What this task involves :: Set down precisely the lines from the line with "El comportamiento errático" through the end of the material, inclusive, and no pictures.

Data provided ::
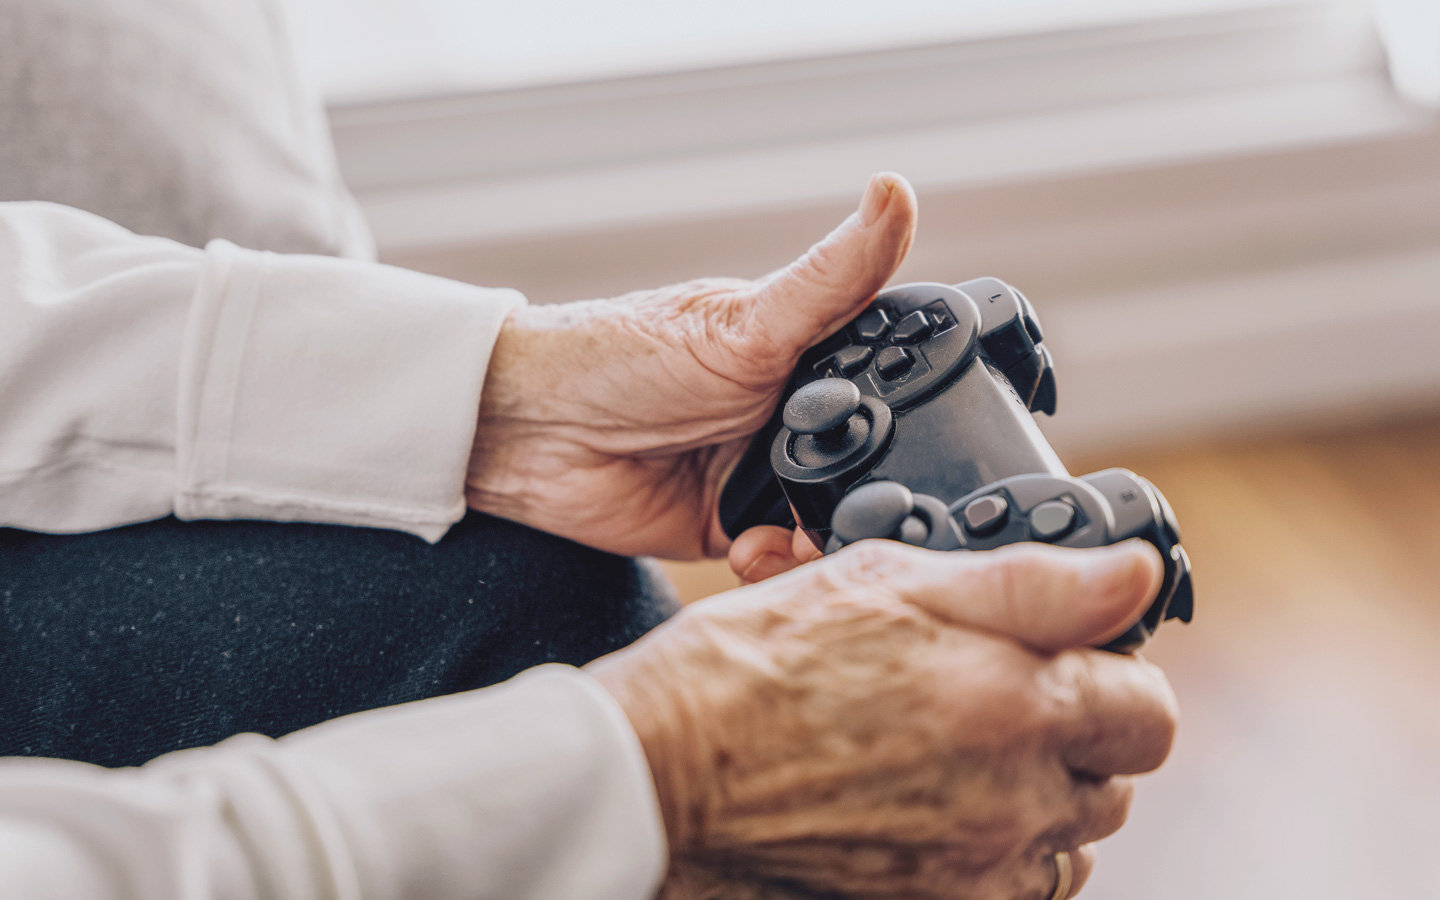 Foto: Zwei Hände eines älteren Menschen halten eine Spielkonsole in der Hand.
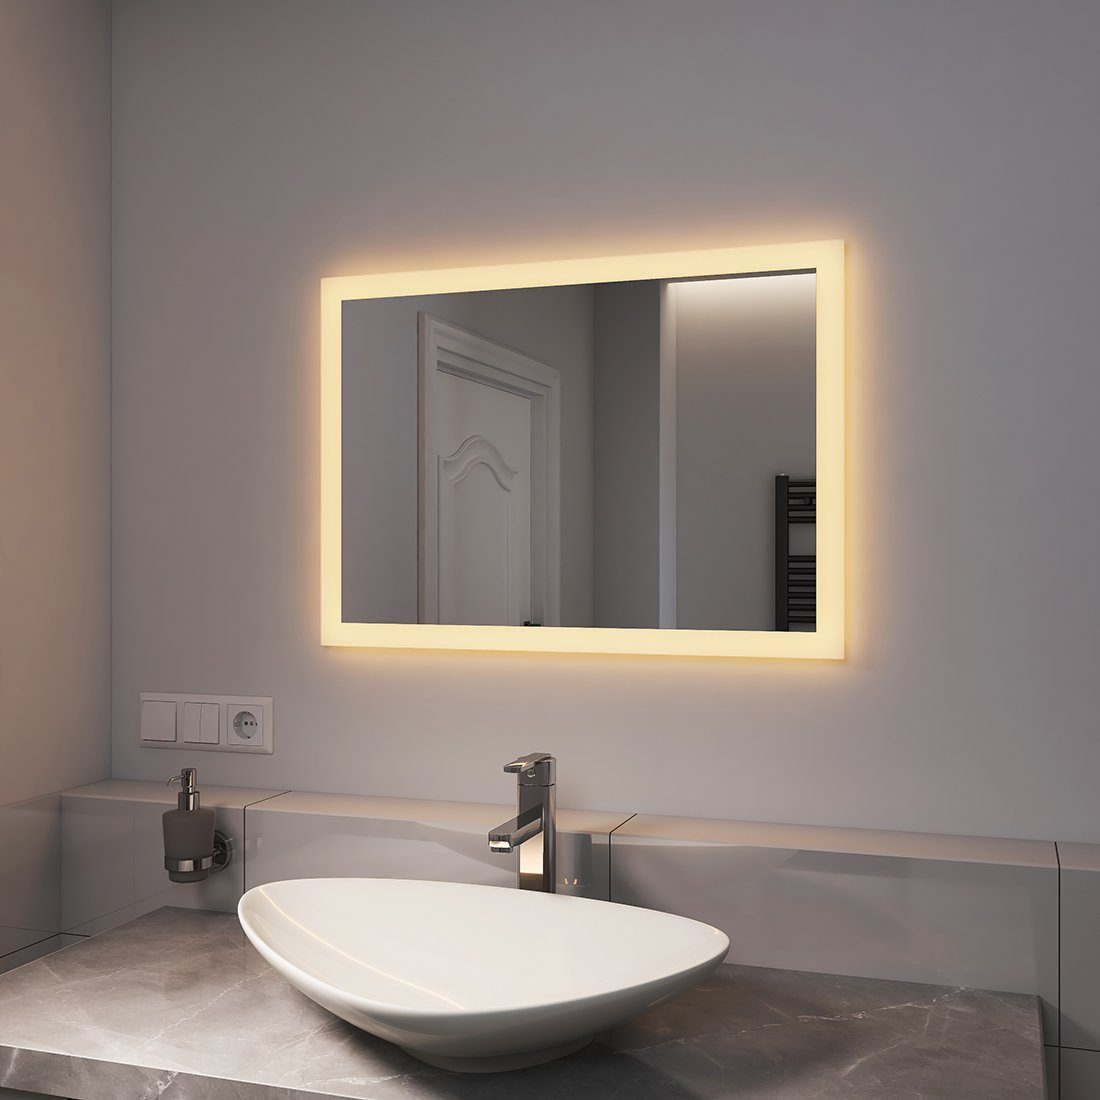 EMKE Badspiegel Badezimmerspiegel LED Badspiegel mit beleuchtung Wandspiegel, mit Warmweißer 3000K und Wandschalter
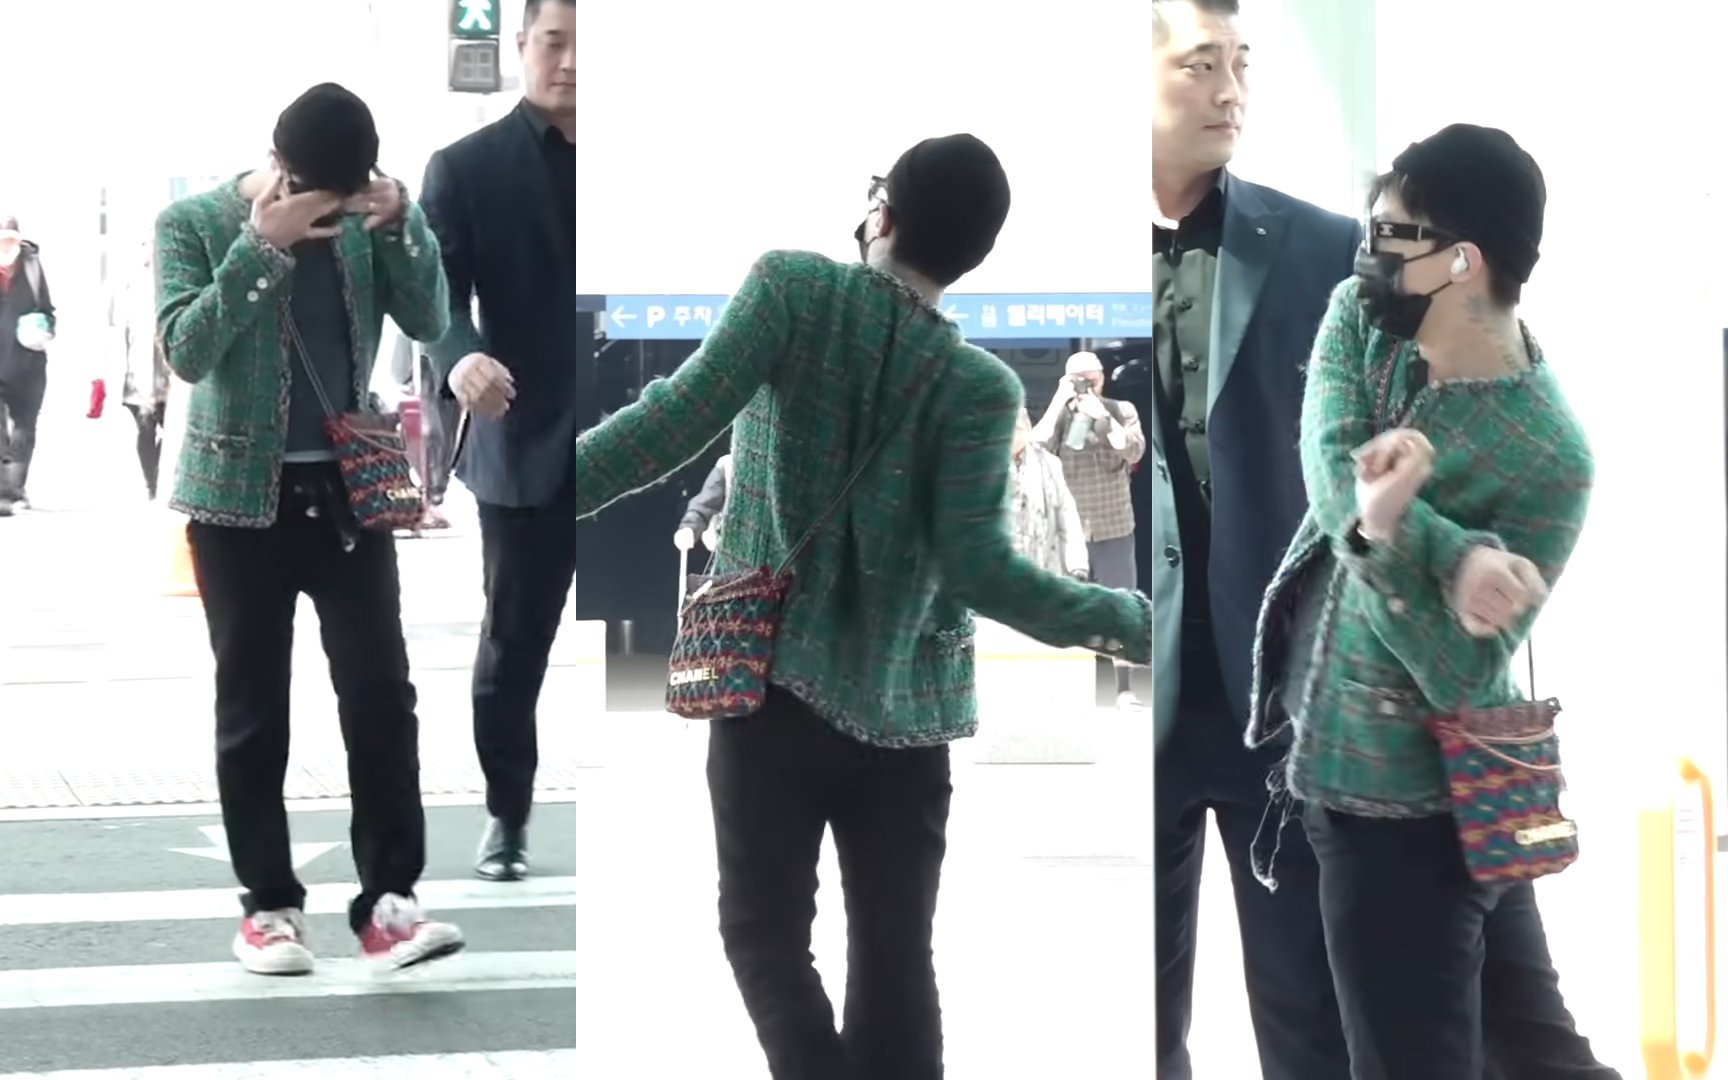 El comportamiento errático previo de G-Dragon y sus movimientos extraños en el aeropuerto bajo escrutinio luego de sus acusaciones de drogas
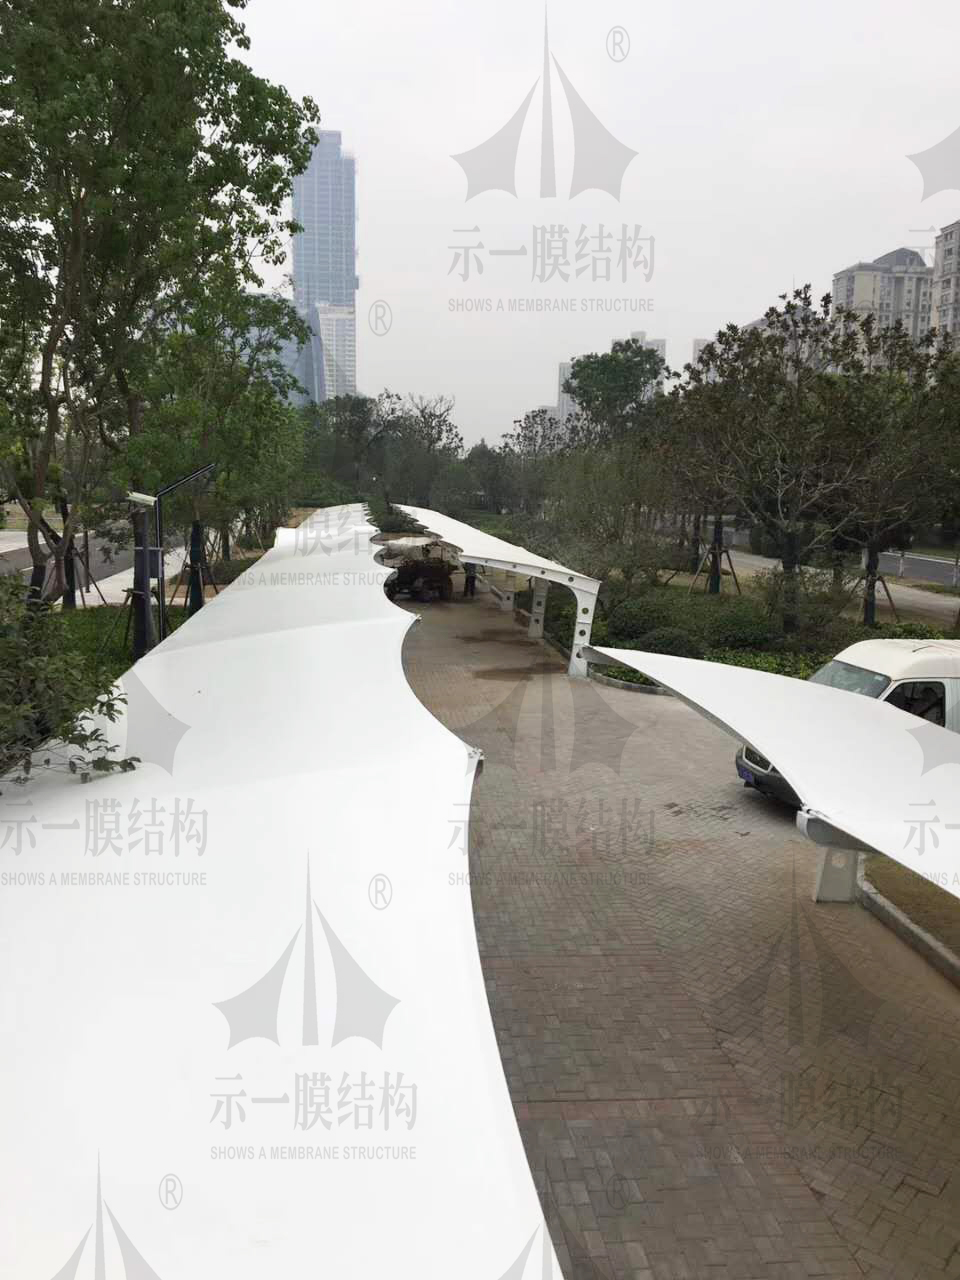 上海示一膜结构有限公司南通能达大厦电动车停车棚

Response to the exercise ::
 El comportamiento errático previo de G-Dragon y sus movimientos extraños en el aeropuerto bajo escrutinio luego de sus acusaciones de drogas
 上海示一膜结构有限公司南通能达大厦电动车停车棚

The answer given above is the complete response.